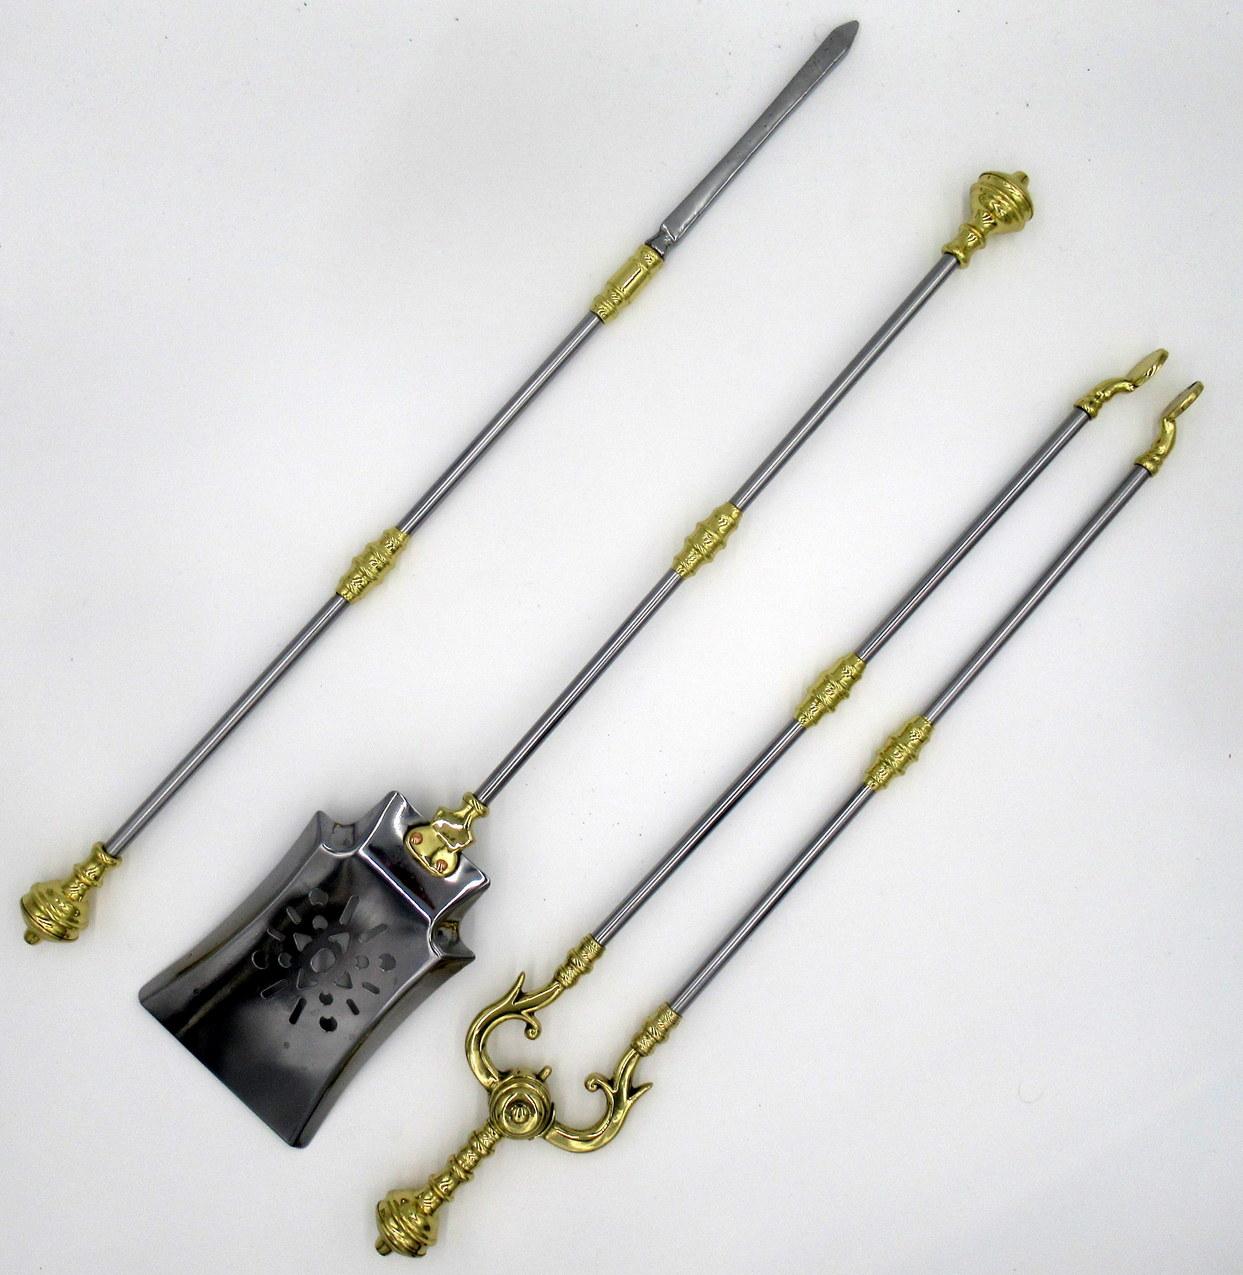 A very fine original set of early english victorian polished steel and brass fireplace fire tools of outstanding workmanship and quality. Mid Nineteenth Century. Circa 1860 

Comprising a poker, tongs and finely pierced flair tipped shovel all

...

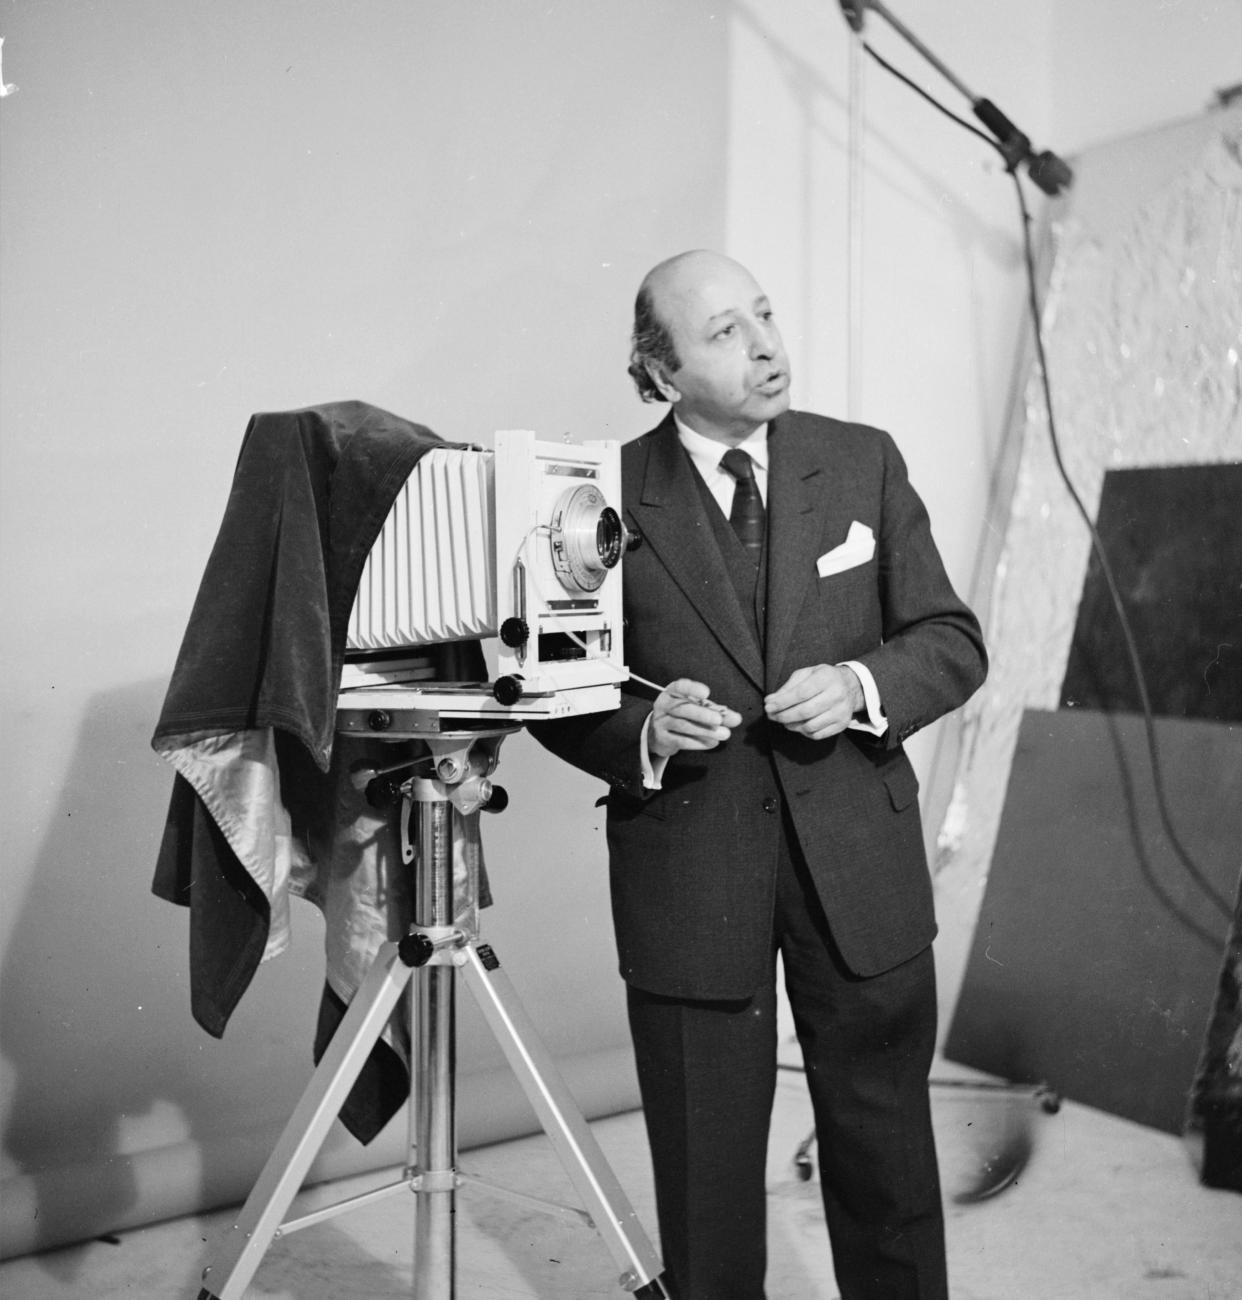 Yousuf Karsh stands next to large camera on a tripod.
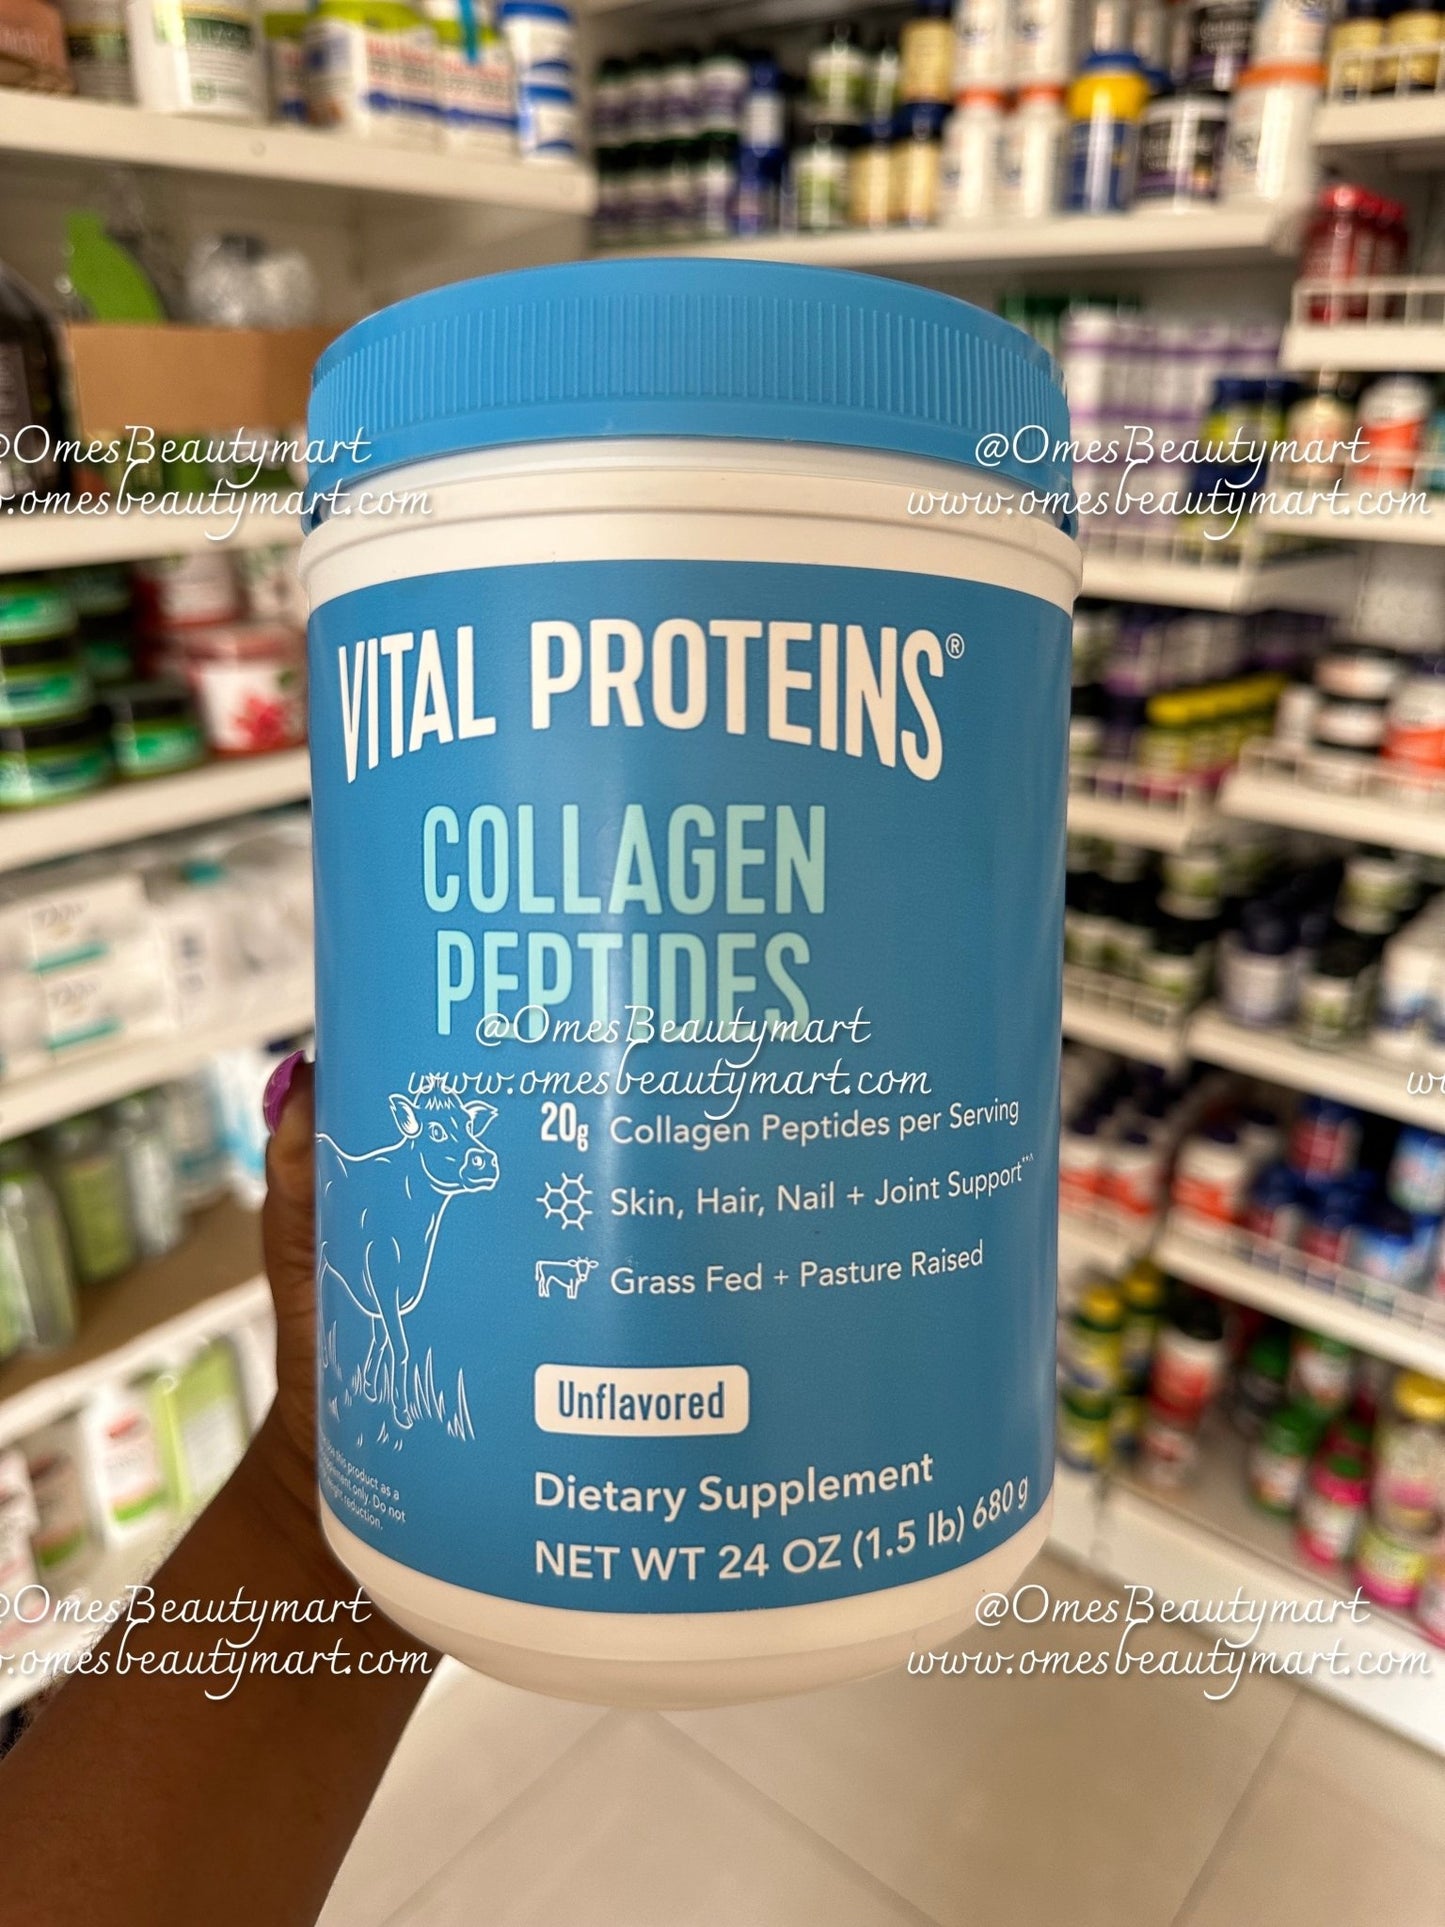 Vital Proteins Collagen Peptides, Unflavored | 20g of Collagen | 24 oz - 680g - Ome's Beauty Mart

◆ WHAT TO PRODUCE ◆
In the listing above, find the line with "A very fine" and the line with "Comprising a poker, tongs". Transcribe those two and everything between, exactly, leaving out pictures.

◆ RESULT ◆
 A very fine original set of early english victorian polished steel and brass fireplace fire tools of outstanding workmanship and quality. Mid Nineteenth Century. Circa 1860 

Comprising a poker, tongs and finely pierced flair tipped shovel all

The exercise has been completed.